### About this task
The pictures get dropped, while every remaining part of the listing is copied exactly.

### Input data

---

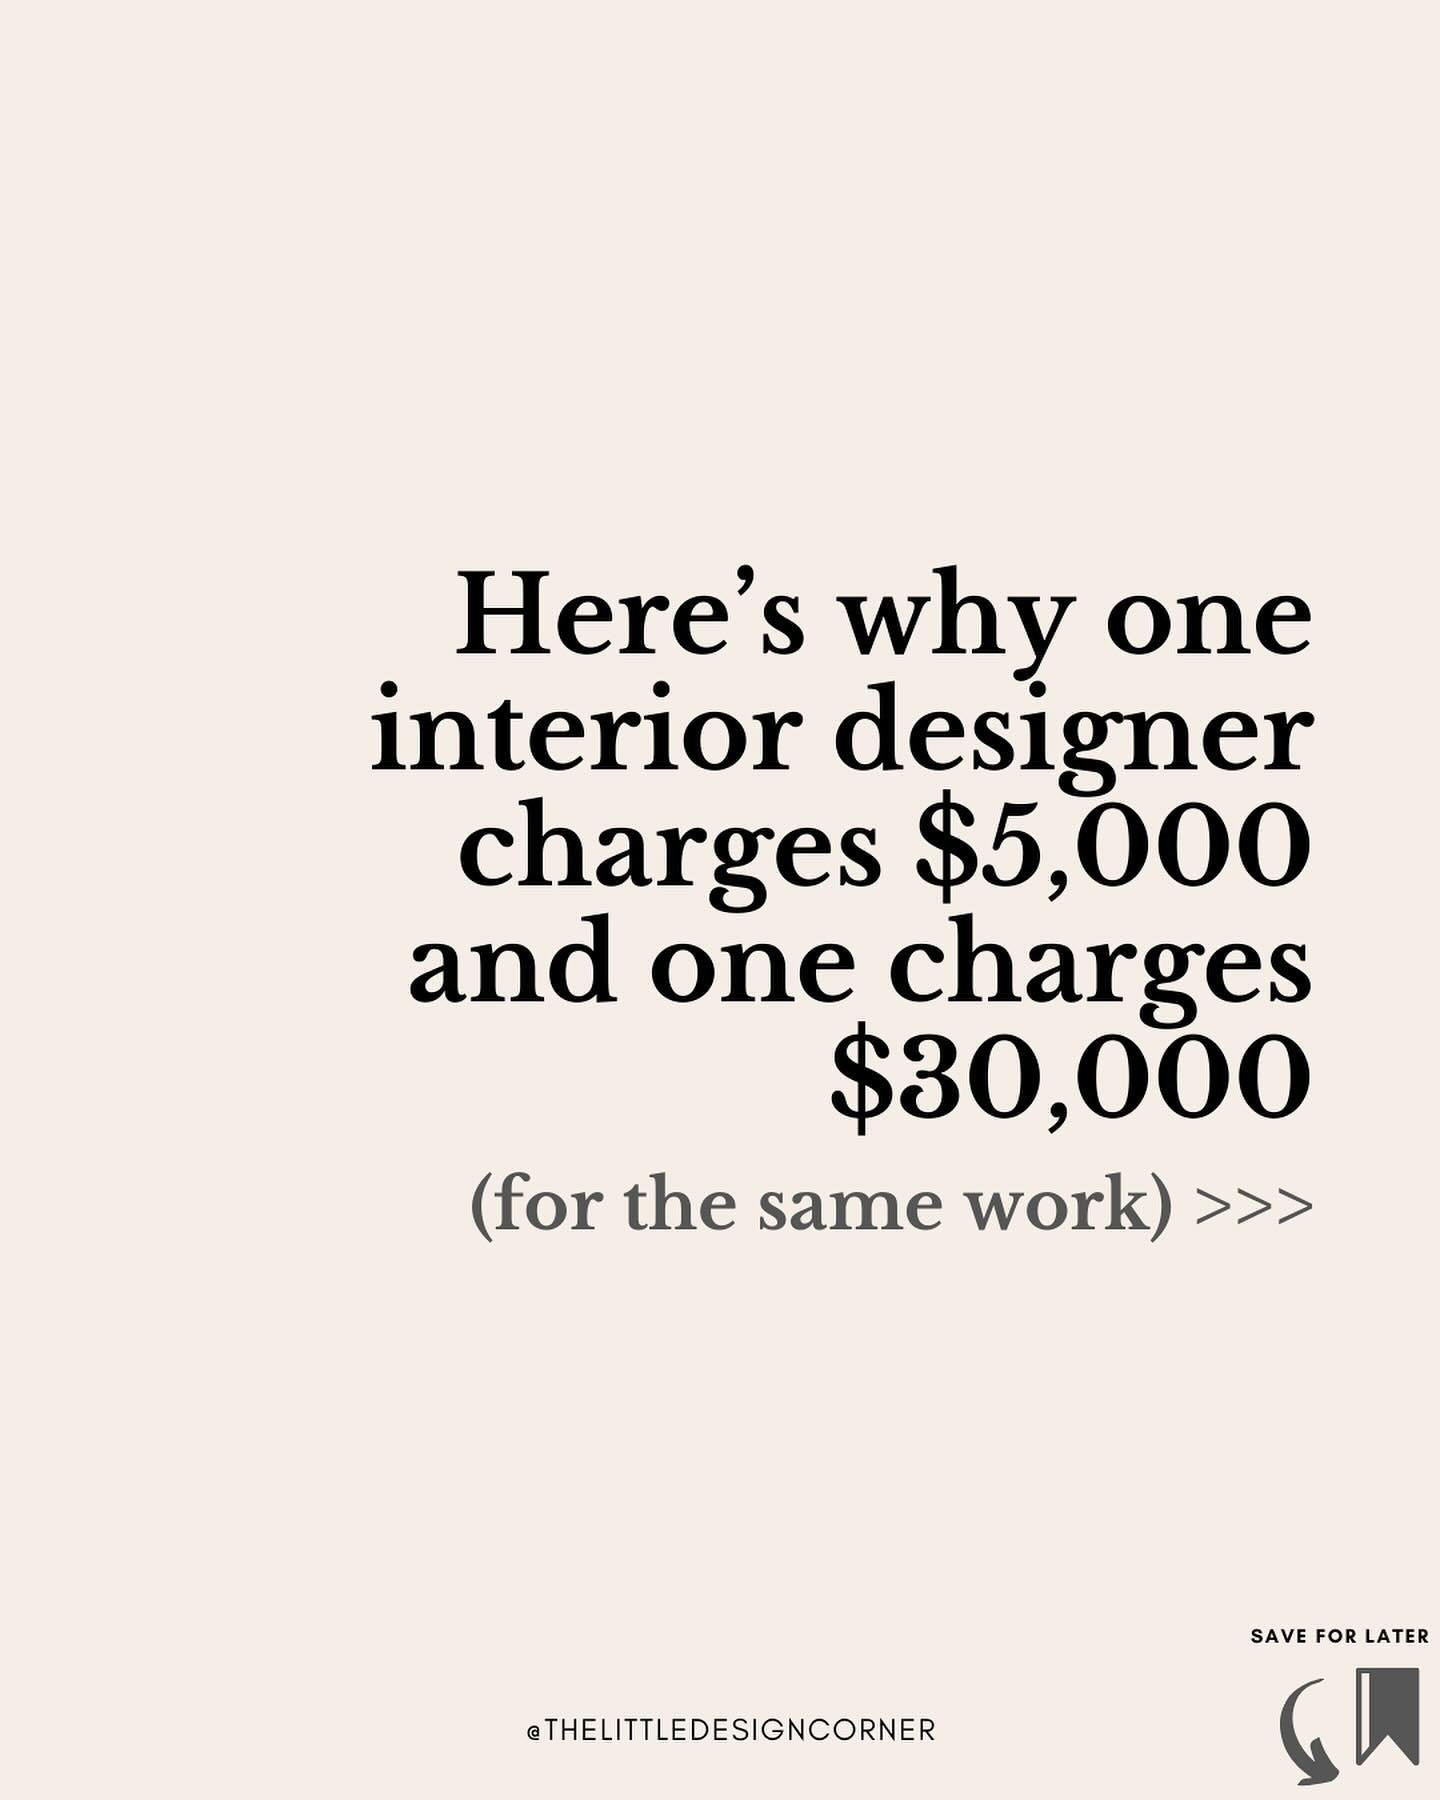 Interior design is not a budget service. ⬇️

You need to attract high value clients that value the work that you do.

This is how to build a profitable and sustainable business that you enjoy working in (and where you feel the effort you put in is wo

---

### Task solution
 Interior design is not a budget service. ⬇️

You need to attract high value clients that value the work that you do.

This is how to build a profitable and sustainable business that you enjoy working in (and where you feel the effort you put in is wo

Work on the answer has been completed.